Delicious. And easy !
I made the Pumpkin Pie Crunch the afternoon and took it to my Rockford Celiac Sprue Association meetingtonight. I did with my favorite Pillsbury Gluten Free Yellow Cake mix. Pillsbury Gluten Free Cake mixes are for 9×13 cake pan. Everyone at the meeting told me it was delicious! Them meant like better than sex cake description.
LOL! I’m so glad everyone loved it!
Really good…easy to make and tastes great!!
It is so good! Glad you enjoyed it Deb.
This is SO good! I took to a potluck and was asked for the recipe several times. I’d rather have this than traditional pumpkin pie.
I made this and it was great! It gets better as the flavors meld together, it was very flavorful the day after when it wasn’t hot from the oven.
Can’t wait to try this
i just made it and omg its fantastic but out of curiousity i wonder if putting it on a cookie bottom first would make it a little bit easier to get out of pan and add a bit more of a crunch hmmmmmm maybe ill try lol
Did you try putting the cake mixture on the bottom first? I’m thinking that as long as it was patted down a bit, it might work? Maybe even prebake a bit before pouring pumpkin mixture on top. If you did, please respond as to how it turned out. Thank you.

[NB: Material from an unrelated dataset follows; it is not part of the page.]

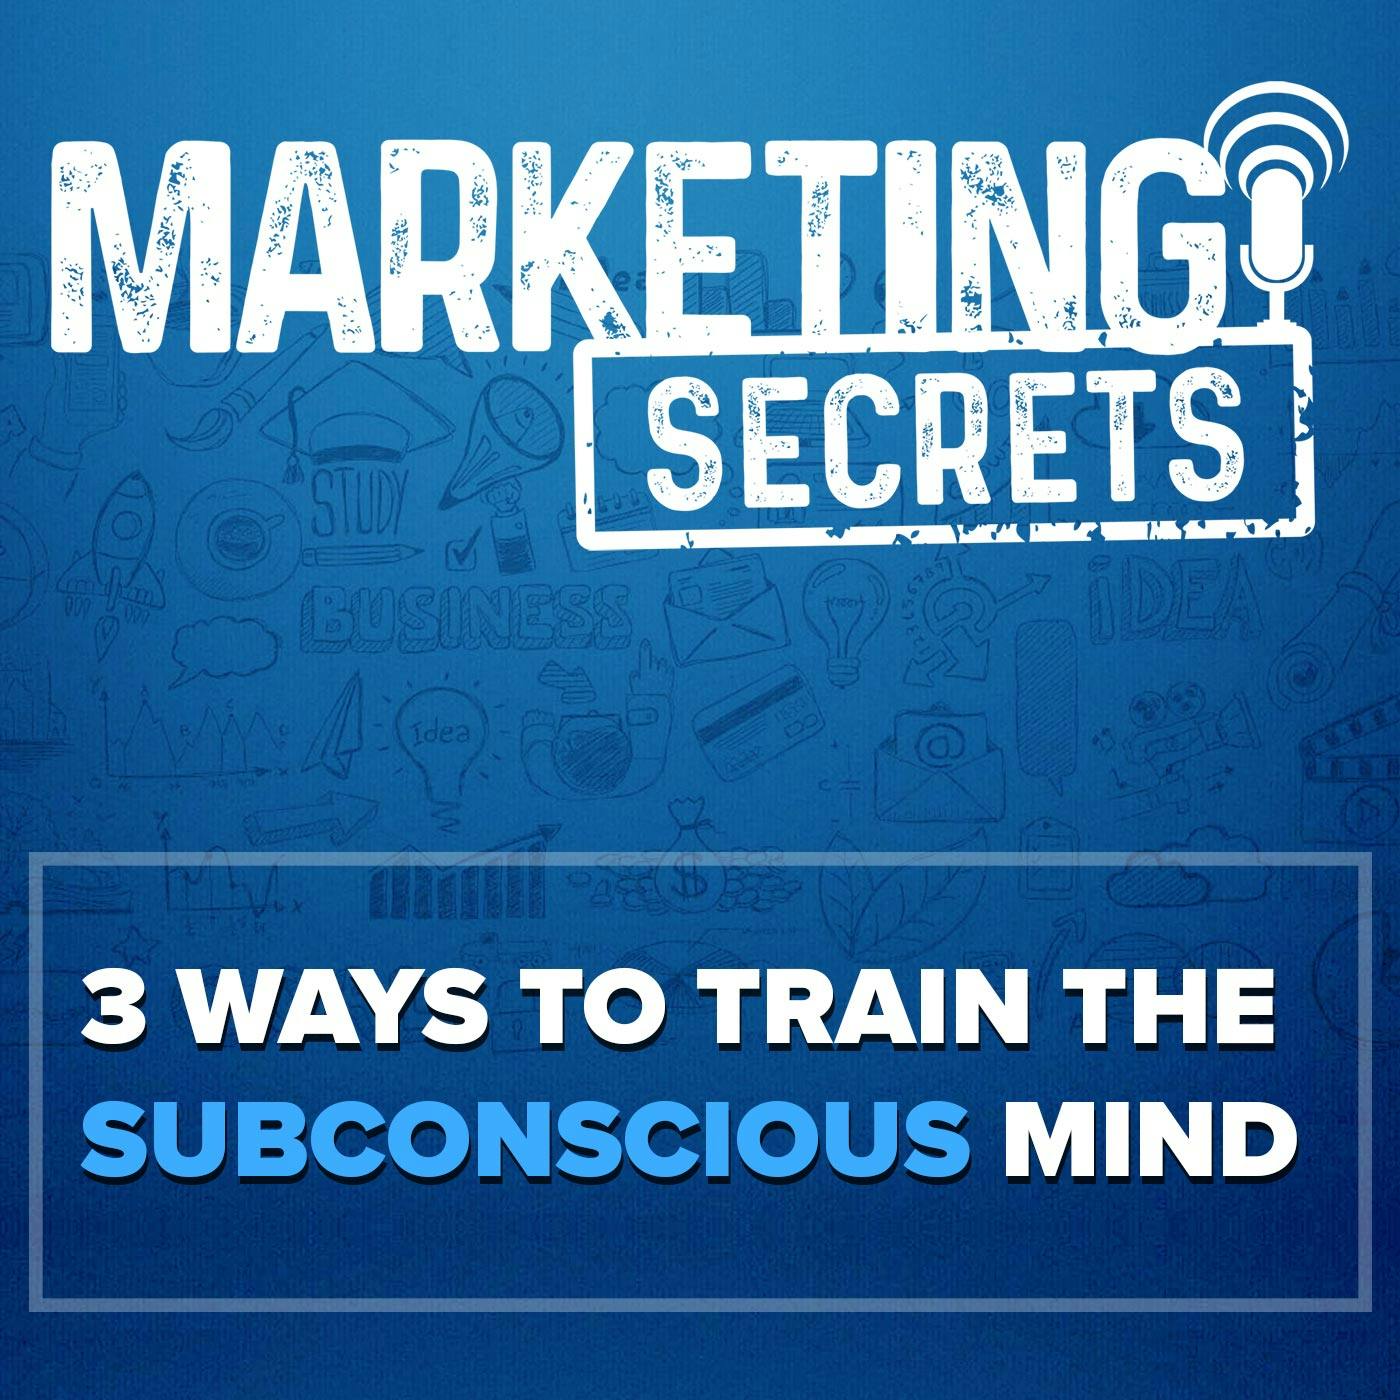 3 Ways to Train the Subconscious Mind

Can you use sweet potato instead of pumpkin?
That should work out just fine!
Thank you so much for this recipe. I made it with sweet potato instead of pumpkin and it was amazing! You Rock.
Yay, that sounds delicious! I love sweet potatoes :)
Came out deliiicous. I didn’t use pumpkin pie spice bc I had each spice independently so I just made my own.
I had this at A casino. They told me they found it online. ..it is very very very yummp!
Looks so good. Am going to with coconut milk as I am lactose intolerant
I’m going to make it tonight and serve it tomorrow. Can I leave it out over night or do I need to refrigerator over night.
You can leave it out overnight.
Made this around our Canadian Thanksgiving, It was so well liked and requested I ended up making it 3 times in a short period. Easy and Delicious . Thank you for sharing it is a keeper ,
I am so glad that you enjoyed this recipe Lynne!
I made this tonight and it’s still cooling in the glas pan. I plan on refrigerating it overnight. However, I was thinking of cutting it into squares and stacking in a serving platter for tomorrow- will that work? Or do you usually serve out of the glass pan?
It’s quite soft (like a pumpkin pie) so I generally serve it out of the glass 9×13 pan.
This turned out amazing! Next time I might reduce the butter to 3/4 cup, but other than that this was the best pumpkin dessert!
I’m so glad you loved it Shawna!
Video says cover and bake 50 min. written recipe says bake 25 min uncovered then cover and bake 25 min more. Which is correct ?
I see you answered my question in an earlier post, is in the oven now and house smells awesome ! Will let you know what the family thinks tomorrow. Happy Thanksgiving !!
Video says to cover and bake 50 min. written recipe says bake 25 min then cover and bake 25 min. more Which is it ?
Bake 25 minutes uncovered and 25 minutes covered for a total of 50 minutes.
In oven now, is it suppose to be firm when ready or still a little soft?
Thanks!
It will be about the same texture as pumpkin pie.
I would like to make this with a graham cracker crust. Do you think this would work and not fall apart?
I haven’t tried putting a crust on this recipe.